What you are asked to do:
Go through the listing below and write out exactly the lines from the one that mentions "Couple amoureux face" through the one that mentions "Himitsu no Asobi 4", minus the pictures.

── Material for this task ──

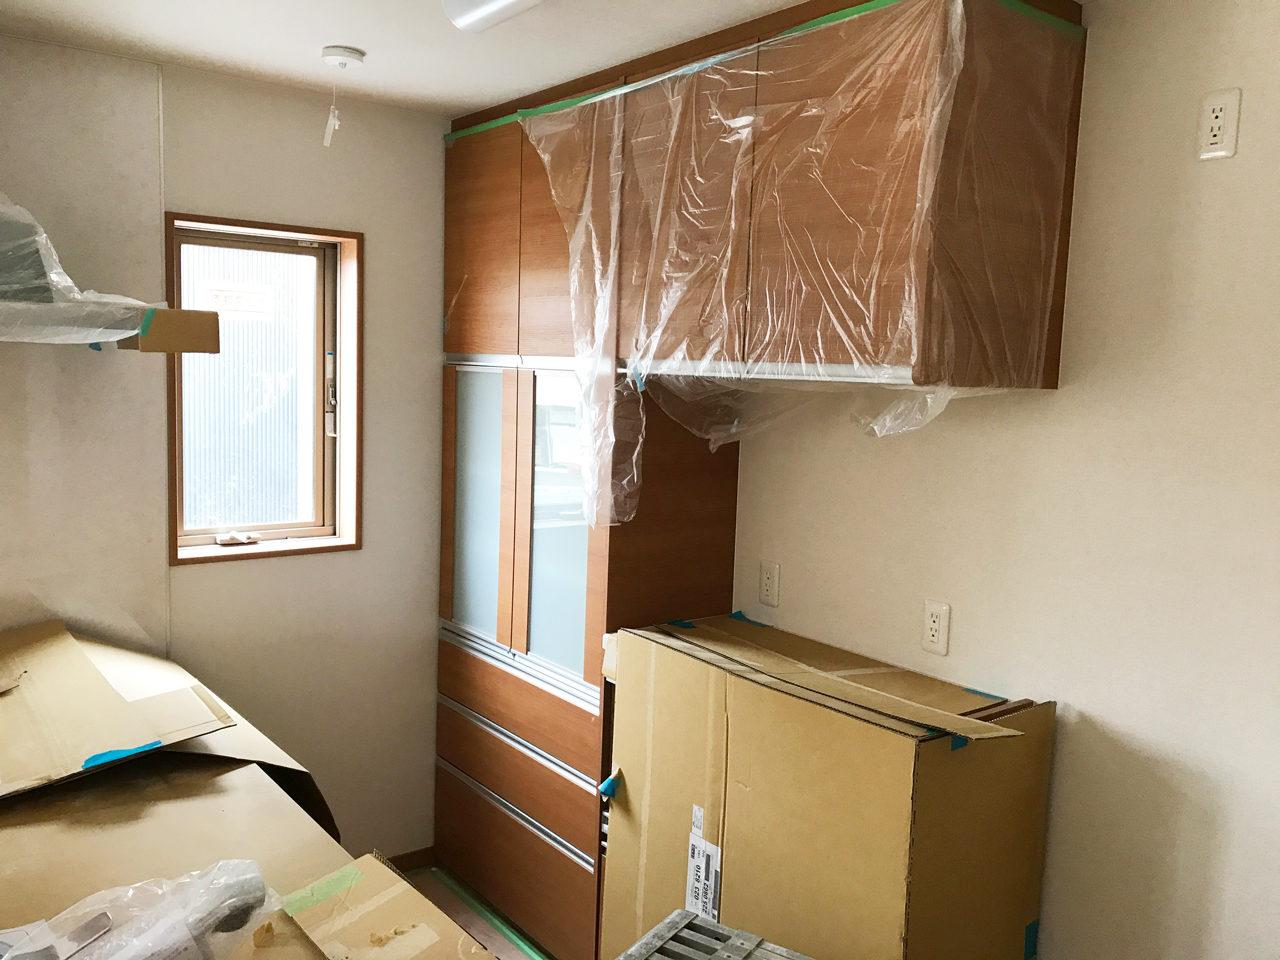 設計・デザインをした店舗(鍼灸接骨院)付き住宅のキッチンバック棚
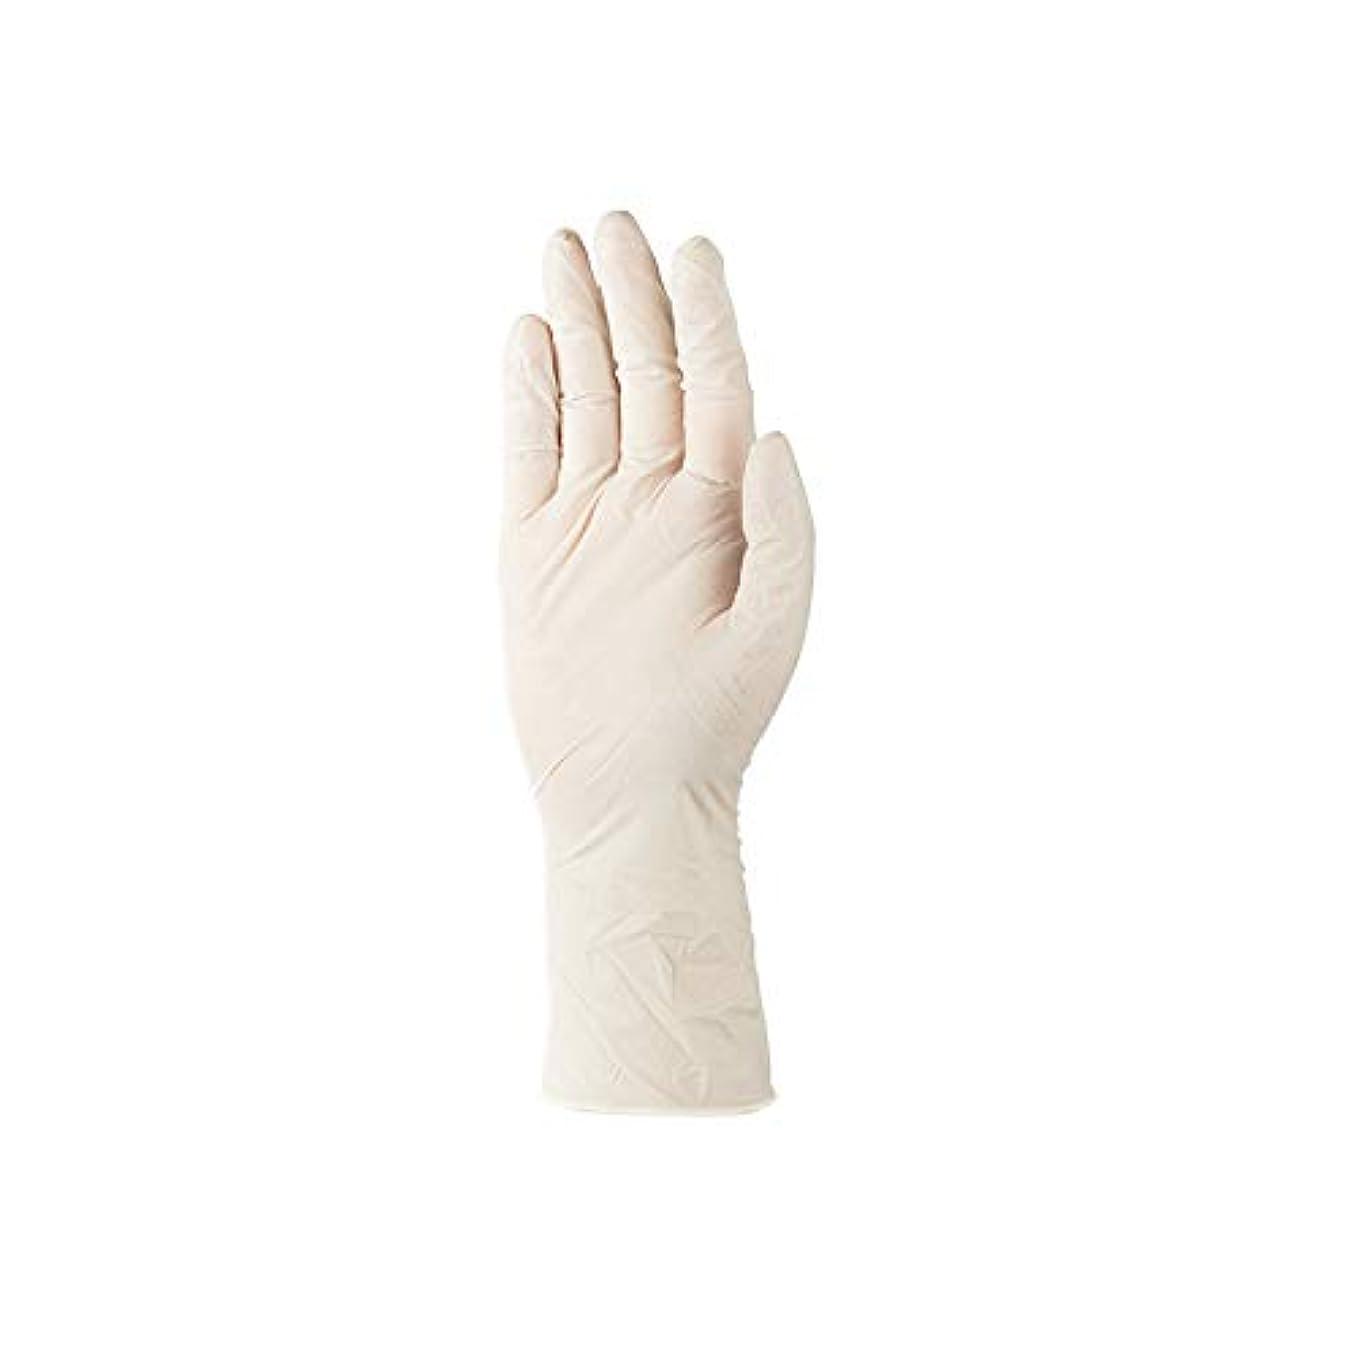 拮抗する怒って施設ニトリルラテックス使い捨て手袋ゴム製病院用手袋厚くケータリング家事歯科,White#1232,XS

───
── Material for this task ──

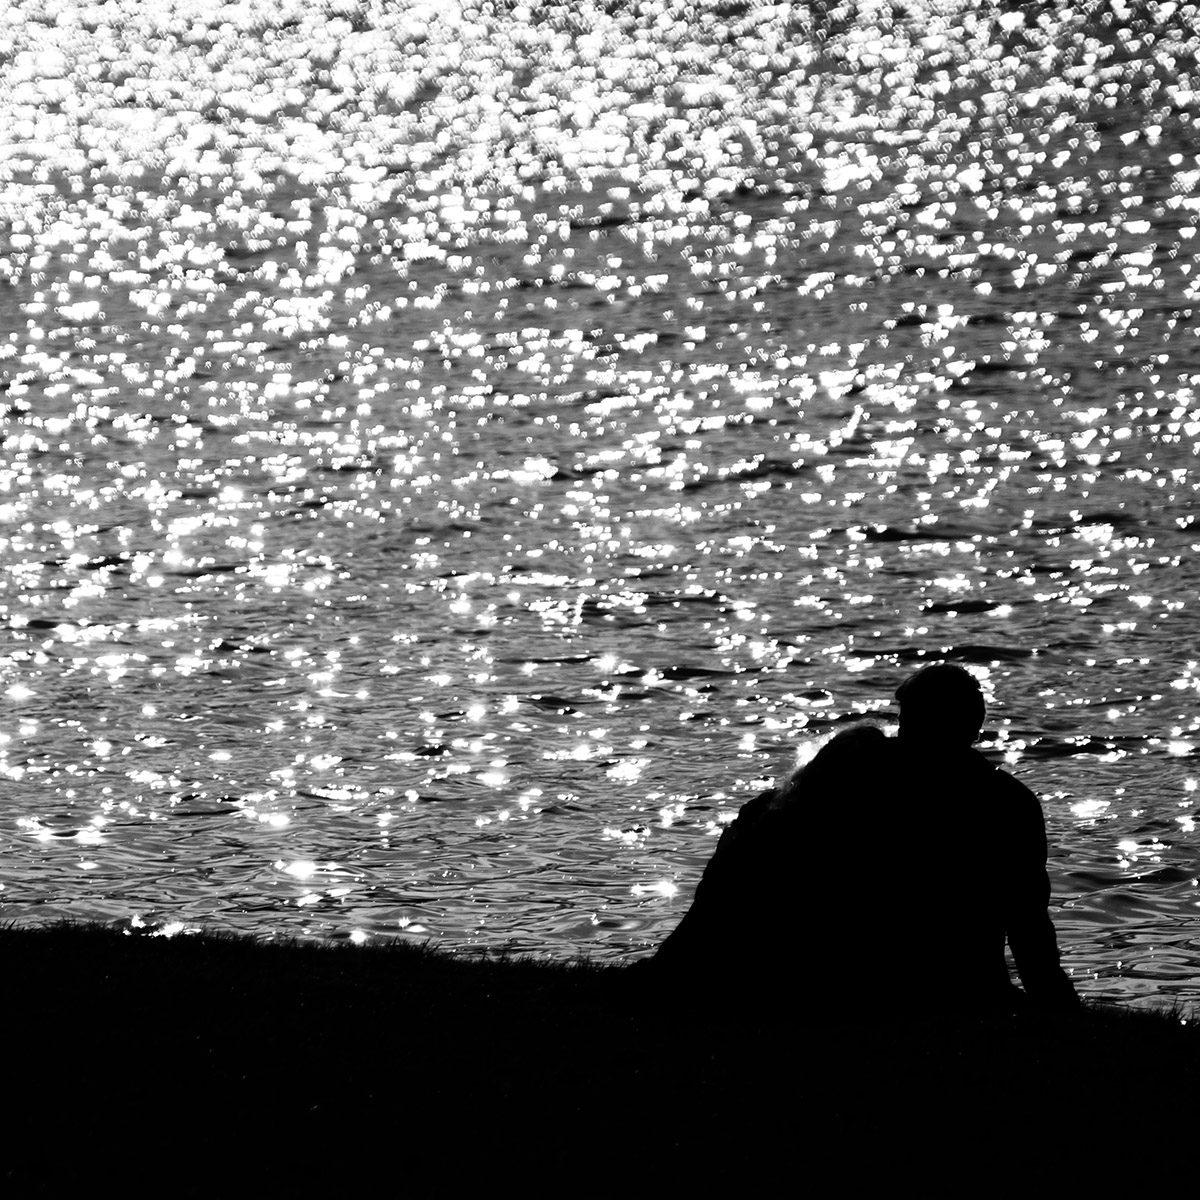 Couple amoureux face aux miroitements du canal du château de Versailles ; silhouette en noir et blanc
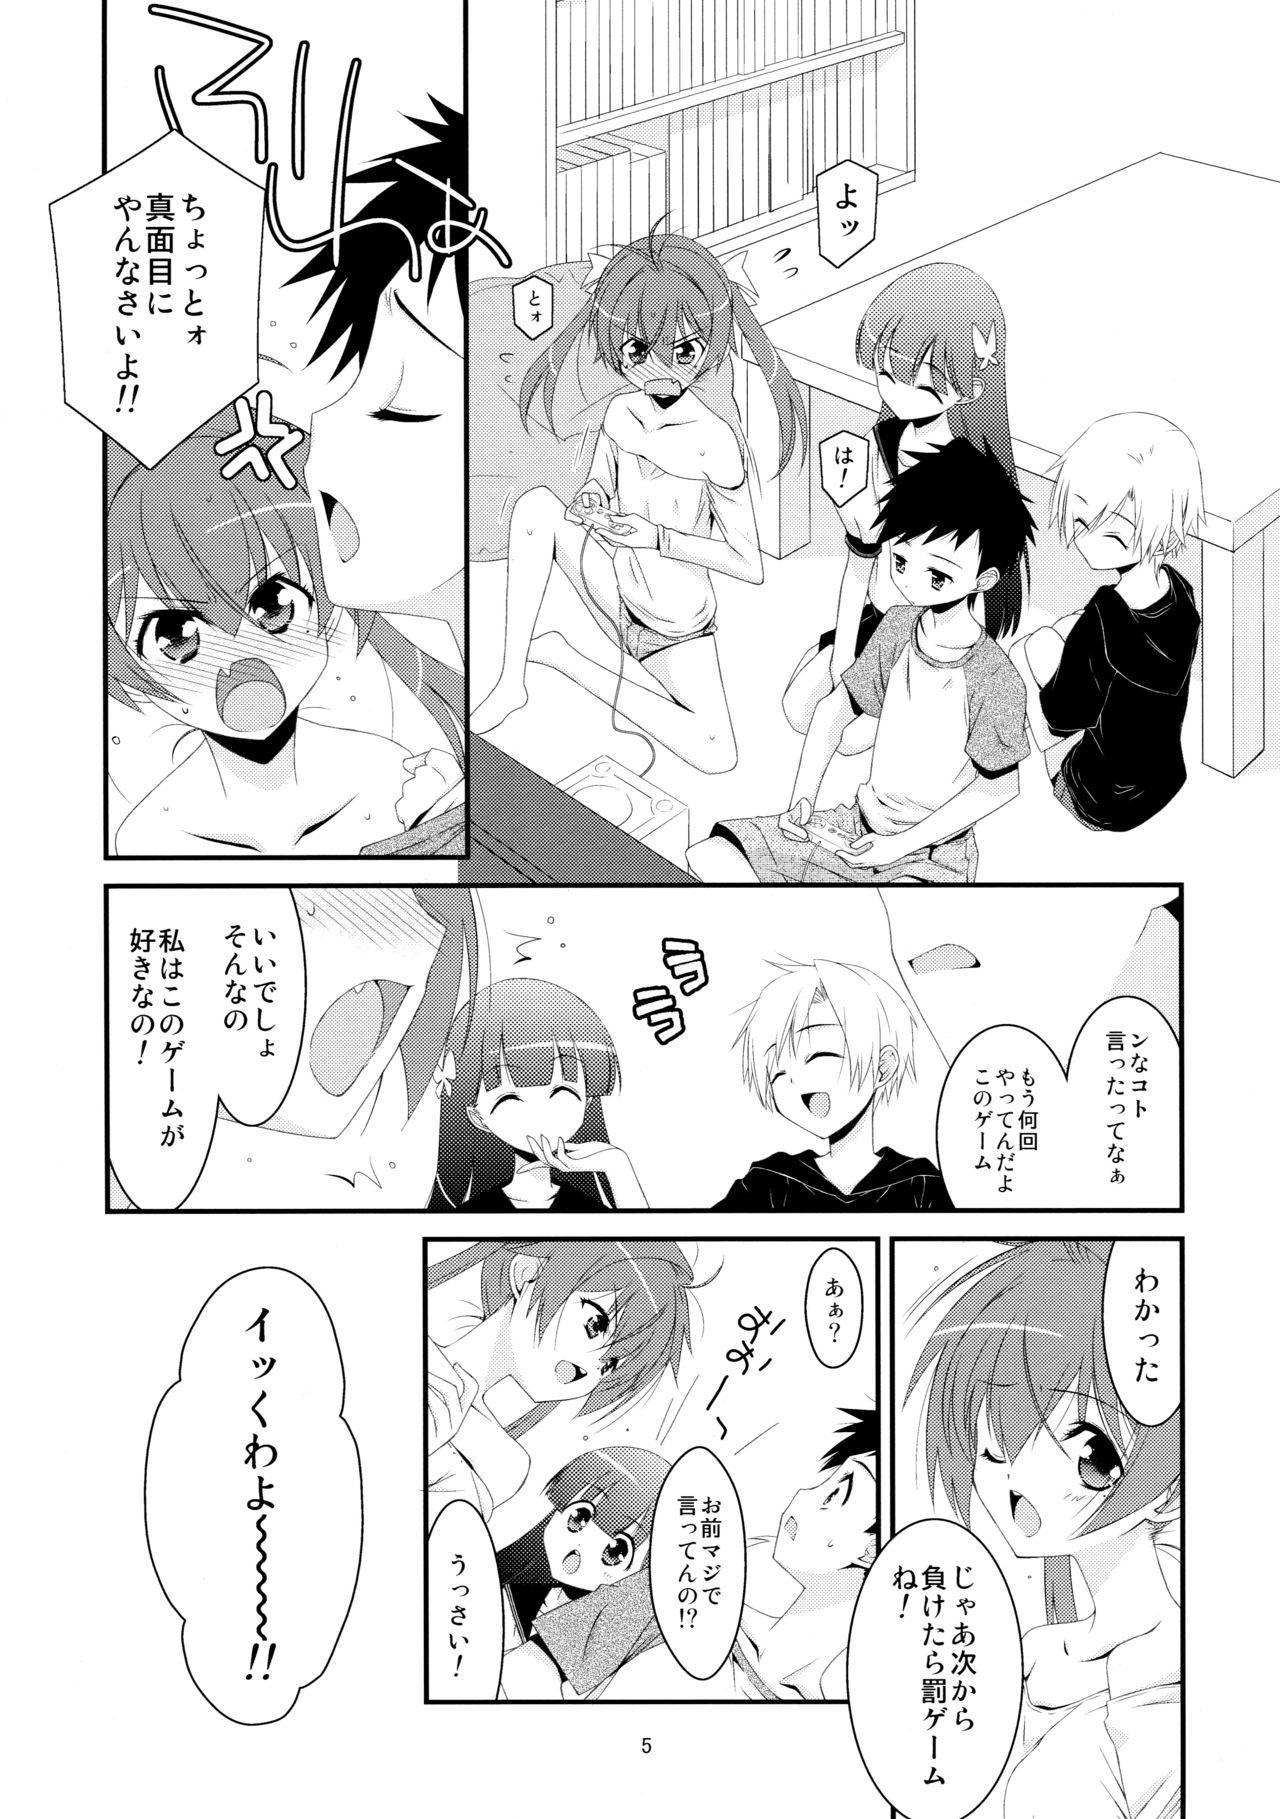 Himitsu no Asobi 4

───

Response:
 Couple amoureux face aux miroitements du canal du château de Versailles ; silhouette en noir et blanc
 Himitsu no Asobi 4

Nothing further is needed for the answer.